Redis Cluster — Rich scripting, sorted sets, hash types. Industry standard for rate limiting.
KeyDB — Redis-compatible, multi-threaded. Drop-in replacement with better multi-core utilization.
DragonflyDB — Redis-compatible, vertically scaled. Higher single-node throughput than Redis.
Memcached — Simpler, atomic increment, but no scripting or sorted sets.

Service Framework

Concept: Stateless gRPC service for rate limit decisions

Options:

Go (Envoy’s reference implementation) — Low latency, efficient concurrency, gRPC-native
Rust — Lowest latency, highest throughput, steeper learning curve
Java/Kotlin — Familiar ecosystem, slightly higher latency from GC

Configuration Management

Concept: Declarative rule storage with hot reload

Options:

Filesystem (YAML/JSON) + file watcher — Simplest, version-controlled via Git
etcd / Consul — Distributed consensus, immediate propagation
PostgreSQL — Relational queries for complex rule management

AWS Reference Architecture

Compute

Component	Service	Configuration
Rate limit service	ECS Fargate	Auto-scaling 3-20 tasks, 1 vCPU / 2 GB each
API Gateway nodes	ECS Fargate / EKS	Co-located with application services
Quota management API	ECS Fargate	2-4 tasks (low traffic admin API)
Config sync	Lambda (scheduled)	Pull config from S3, validate, deploy

Data Stores

Data	Service	Rationale
Rate limit counters	ElastiCache Redis Cluster	Sub-ms latency, cluster mode, Multi-AZ
Quota overrides	RDS PostgreSQL (Multi-AZ)	ACID, managed backups, admin queries
Rule configuration	S3 + EFS mount	Version-controlled, mounted into service containers
Metrics	Amazon Managed Prometheus	Managed TSDB, Grafana integration
Audit logs	Kinesis → S3	Streaming ingest, long-term archival

Self-Hosted Alternatives

Managed Service	Self-Hosted Option	When to self-host
ElastiCache Redis	Redis Cluster on EC2	Cost at scale, specific modules (redis-cell)
RDS PostgreSQL	PostgreSQL on EC2	Specific extensions, cost optimization
ECS Fargate	Kubernetes (EKS/k3s)	Existing K8s infrastructure, multi-cloud
Managed Prometheus	Victoria Metrics	Cost at high cardinality, long retention

Production Deployment

Variations

Load Shedding (Beyond Rate Limiting)

Stripe operates four layers of traffic management, each progressively more aggressive. The reported per-month rejection counts (from the original post) are useful as an order-of-magnitude calibration:

Request rate limiter — Standard per-user rate limiting (Stripe uses a Redis-backed token bucket). Millions of rejections per month, especially test-mode runaway scripts.
Concurrent request limiter — Caps in-flight requests at 20 per user. Catches retry storms from slow endpoints. ~12,000 rejections per month.
Fleet usage load shedder — Reserves capacity for critical operations (e.g., charge creation) by shedding non-critical traffic (e.g., listing charges) during system strain. Returns 503, not 429. Triggered for a “very small fraction” of requests in a typical month.
Worker utilization load shedder — Last resort. When individual workers back up, shed by priority: test mode first, then GETs, then POSTs, then critical methods. ~100 rejections per month, typically only during major incidents.

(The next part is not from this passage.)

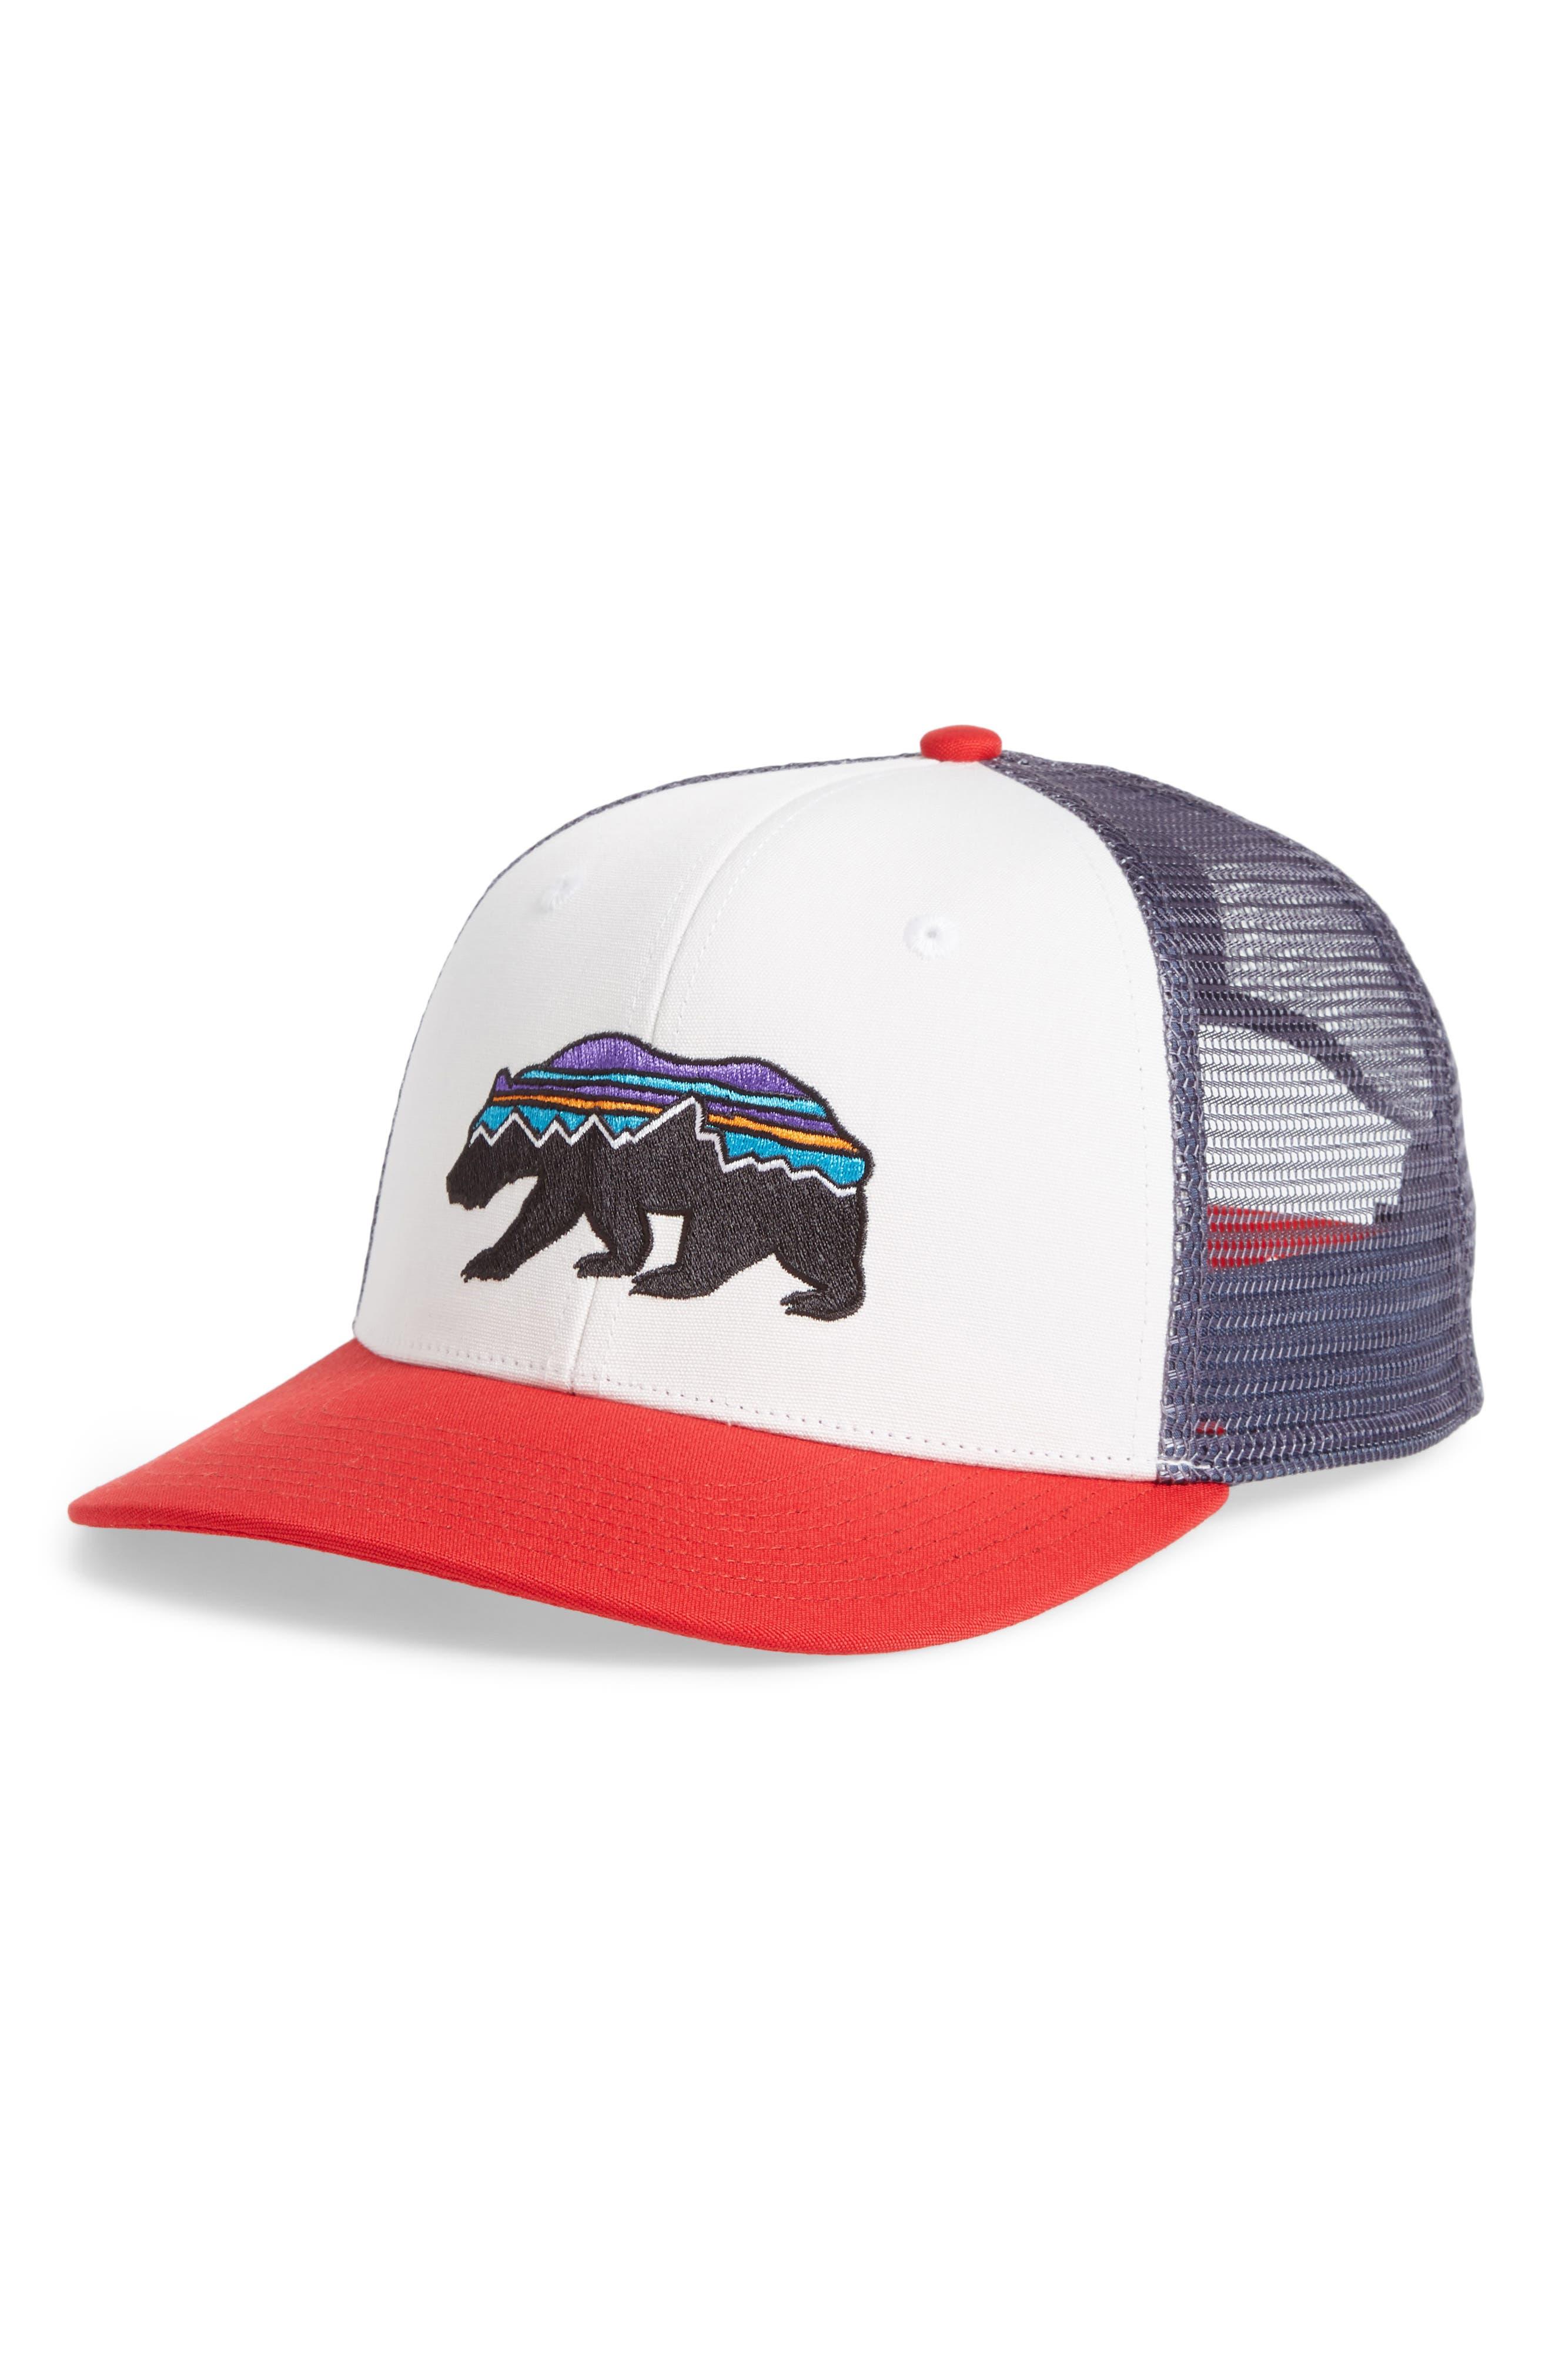 PATAGONIA Fitz Roy Bear Trucker Cap, Main, color, WHITE

The distinction matters: rate limiting (429) protects per-user fairness. Load shedding (503) protects system survival.

Edge Rate Limiting (Cloudflare Model)

Cloudflare’s architecture avoids centralized coordination entirely:

Anycast routing usually sends a given source IP to the same PoP, so a per-PoP counter is effectively a per-source counter.
Per-PoP counters in Twemcache (a memcached fork) fronted by Twemproxy. Requests are hashed by source IP within the PoP, so all servers in a PoP read/write the same counter for that source.
Sliding window counter with asynchronous increments — counting doesn’t block the request.
Mitigation bit propagation: once a source exceeds the threshold, a flag is set; servers in the PoP check this flag instead of issuing further counter queries during active mitigation.

Result: the per-PoP sliding window counter is reported to mis-decide on 0.003% of requests, with a mean rate-vs-estimate gap of 6%, measured across 400M requests from 270K distinct sources.

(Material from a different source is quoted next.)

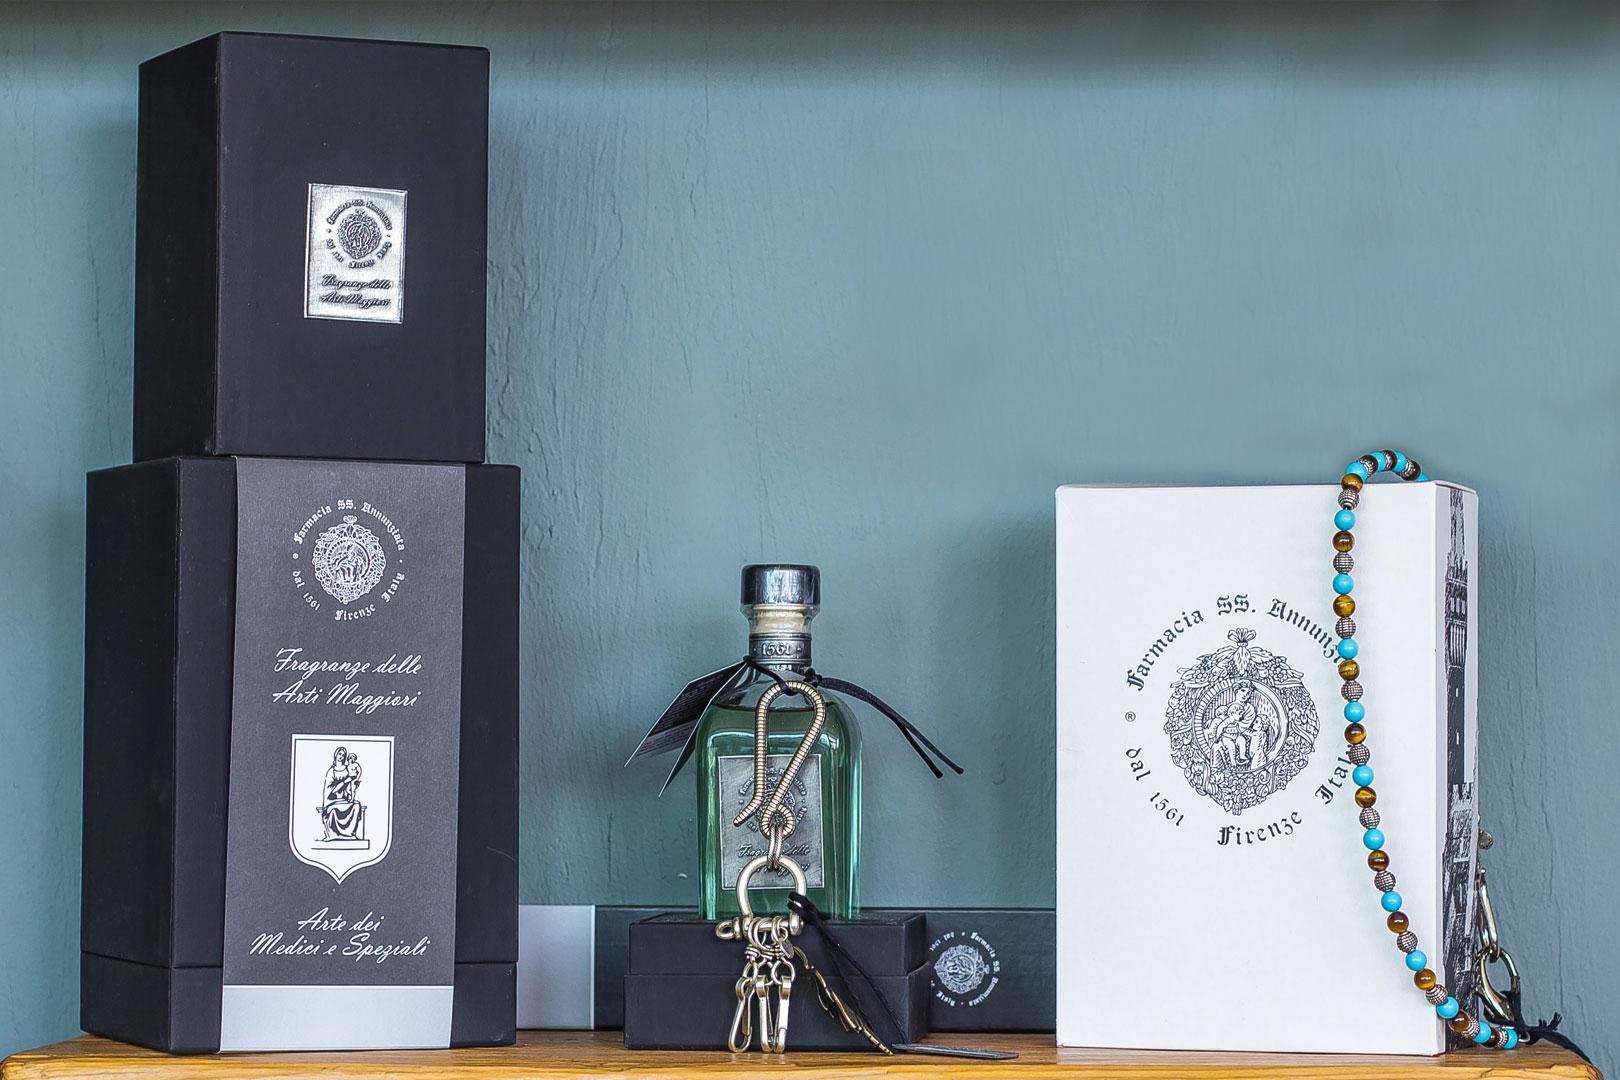 16b Avvenice - Farmacia SS- Annunziata - Firenze - Florence - Made in Italy - New Cosmetics - Arte di Medici e Speziali.jpg

GCRA (Generic Cell Rate Algorithm)

A mathematically elegant alternative used by the redis-cell Redis module. Instead of tracking counters, GCRA tracks a single value: the TAT (Theoretical Arrival Time)—the earliest time the next request should arrive.

How it differs from token bucket: functionally equivalent, but stores only one value per key (TAT) instead of two (tokens + last_refill). The redis-cell module implements GCRA as a native Redis command (CL.THROTTLE) with atomic semantics, eliminating the need for Lua scripts.

Trade-off: Requires installing a Redis module. Amazon ElastiCache does not include redis-cell in its supported-modules list, so deployments that need GCRA-as-a-command typically self-host Redis (or move to DragonflyDB, which implemented CL.THROTTLE natively).

Conclusion

The rate limiter design centers on three decisions that cascade through the architecture:

Sliding window counter algorithm provides the best accuracy-to-memory trade-off for distributed rate limiting. Cloudflare’s production measurement — 0.003% wrong-decision rate across 400M requests from 270K sources — validates the approximation at attack scale, and O(1) memory per key eliminates the scaling problem of exact approaches like the sliding window log.
Centralized Redis with Lua scripts ensures globally consistent counts across all API gateway nodes without per-node coordination. The Lua script atomically reads the previous window’s count, computes the weighted estimate, and conditionally increments—a sequence that cannot be expressed with Redis transactions alone. Hash tags ensure multi-key operations land on the same shard.
Fail-open with circuit breaker makes the rate limiter self-healing. A Redis outage opens the circuit (allowing all traffic), and probe requests automatically close it when Redis recovers. This follows Stripe’s principle: a rate limiter failure must never become an API outage.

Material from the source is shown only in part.